**** Stored data ****
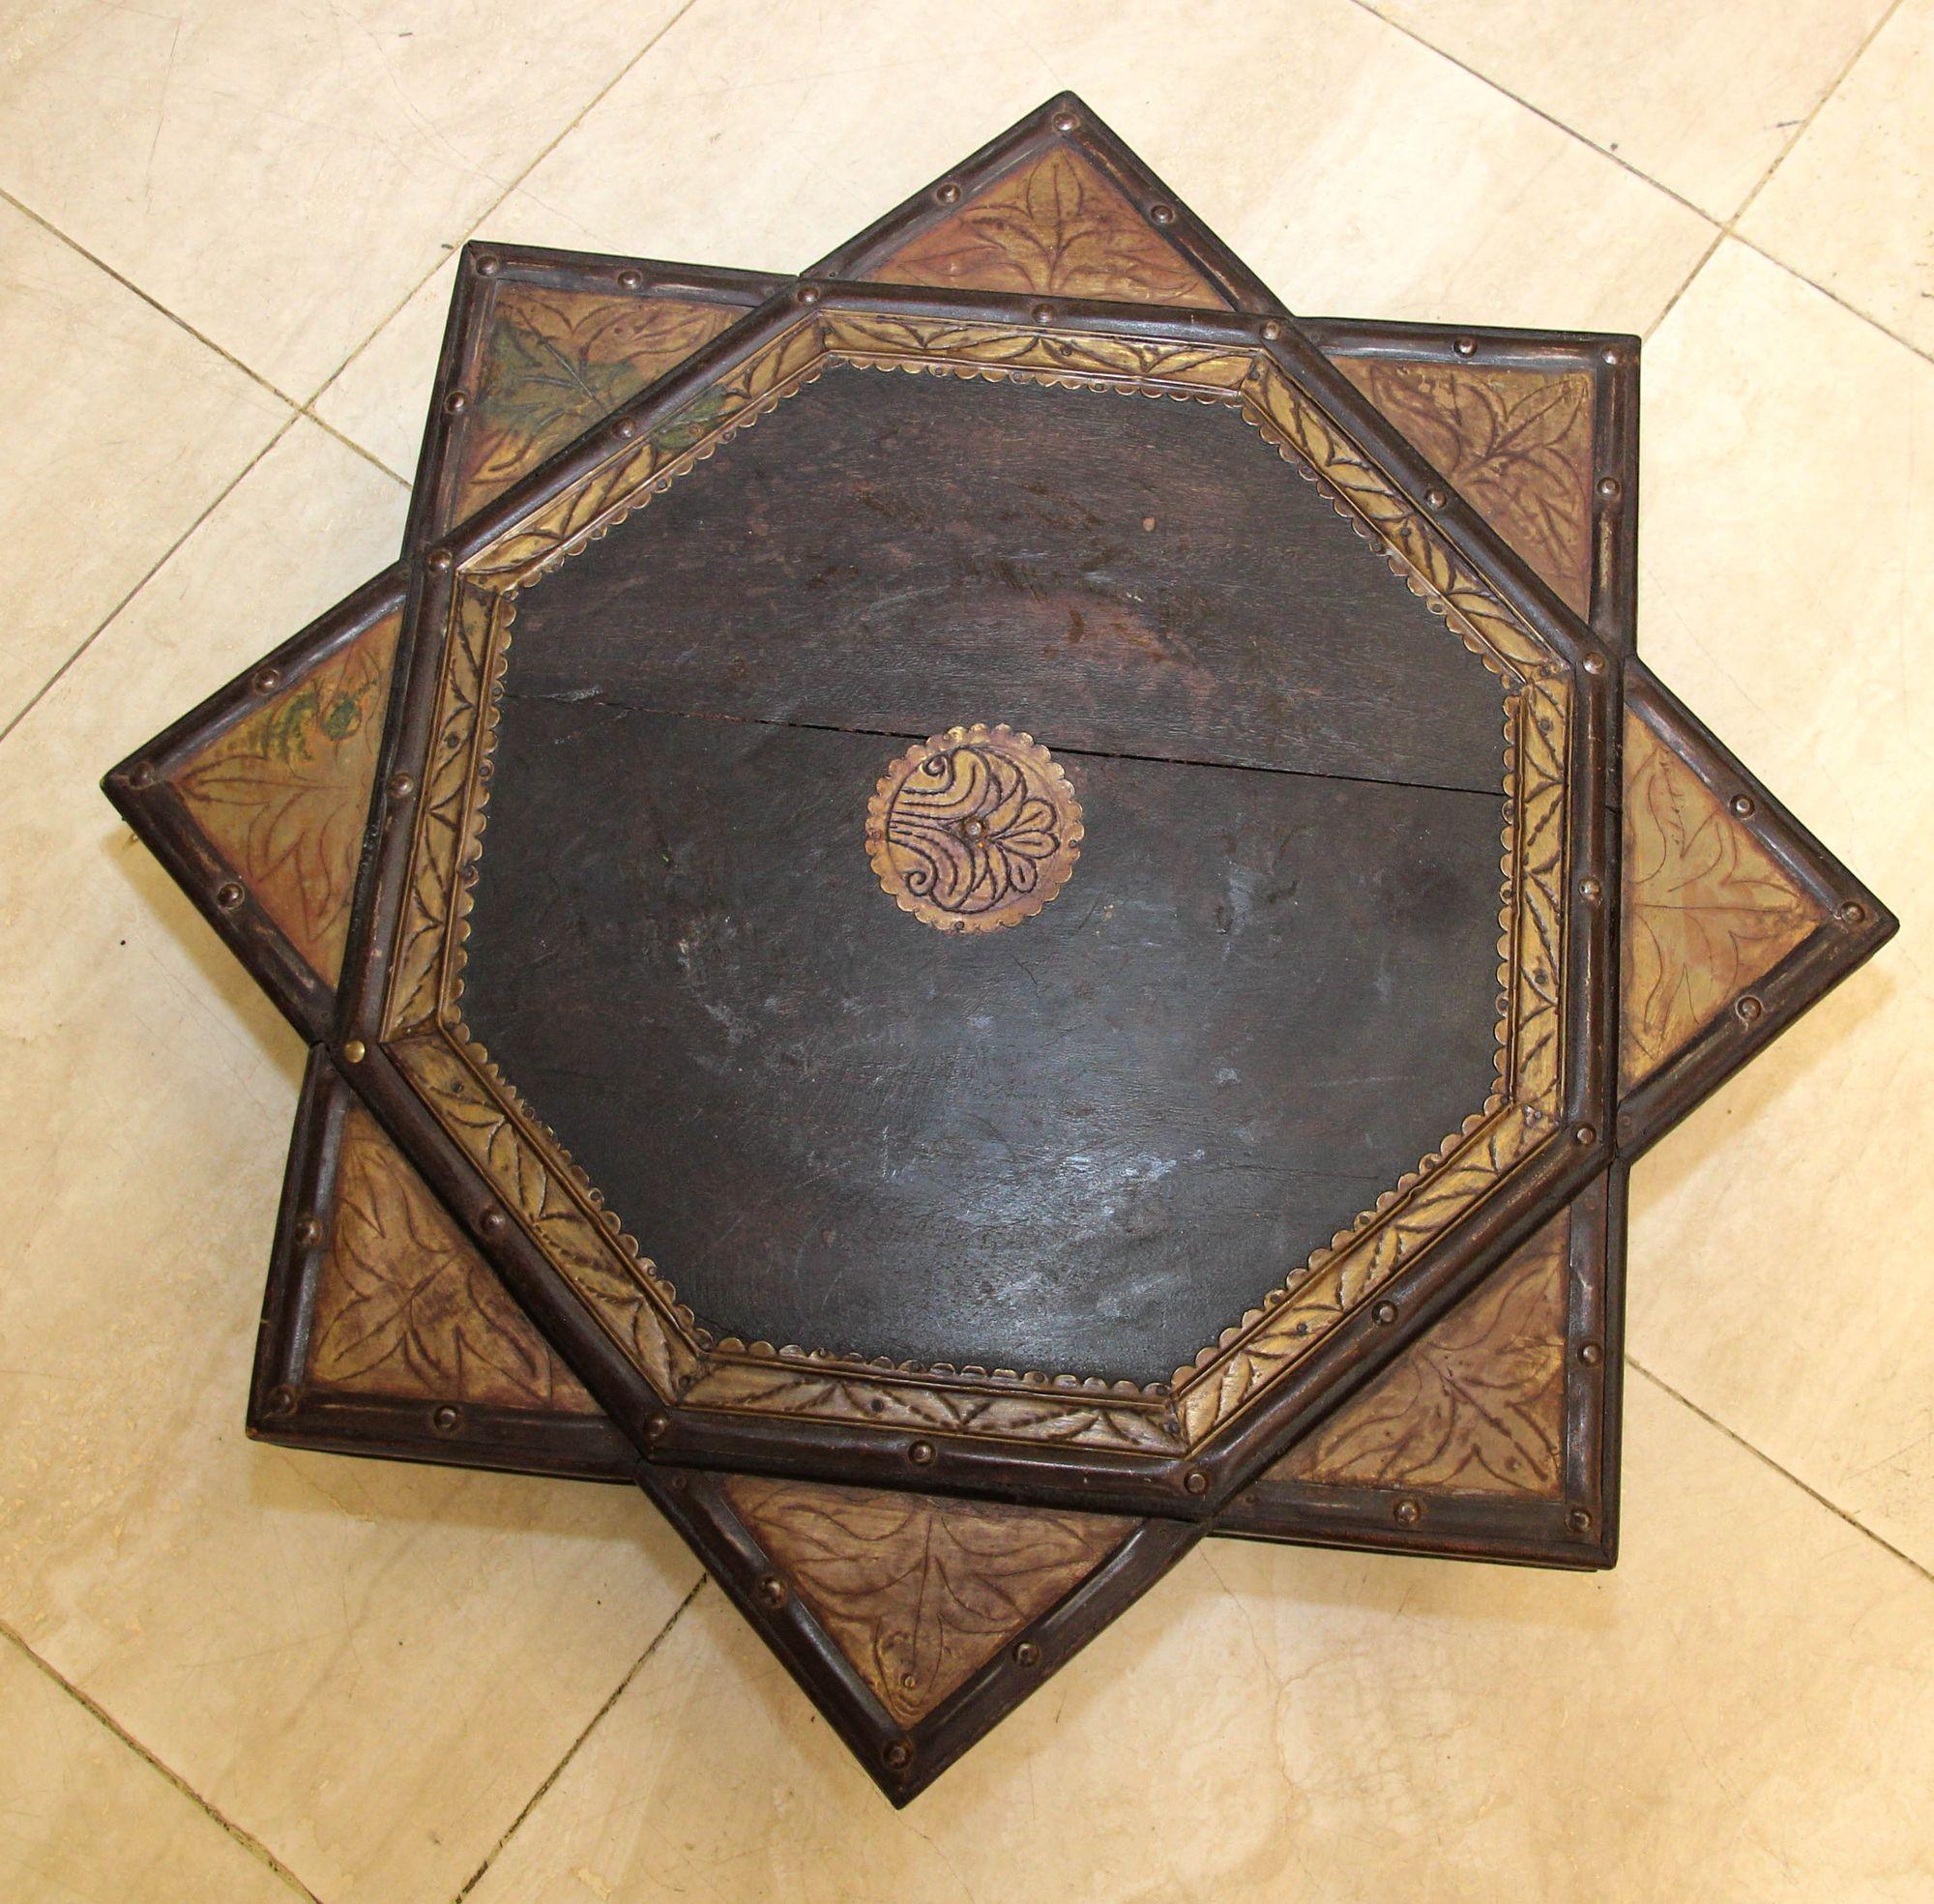 Indian wooden low coffee table in the shape of 8 pointed star decorated with embossed brass accents and nails.
This teak bajot low table from Rajasthan has a gorgeous rich patina and lots of character with beautiful signs of age and use.
Classic
****
Task »
Beginning with the line in which "This teak bajot" appears, print each remaining line of the listing exactly, the last line included.

Solution for this exercise »
This teak bajot low table from Rajasthan has a gorgeous rich patina and lots of character with beautiful signs of age and use.
Classic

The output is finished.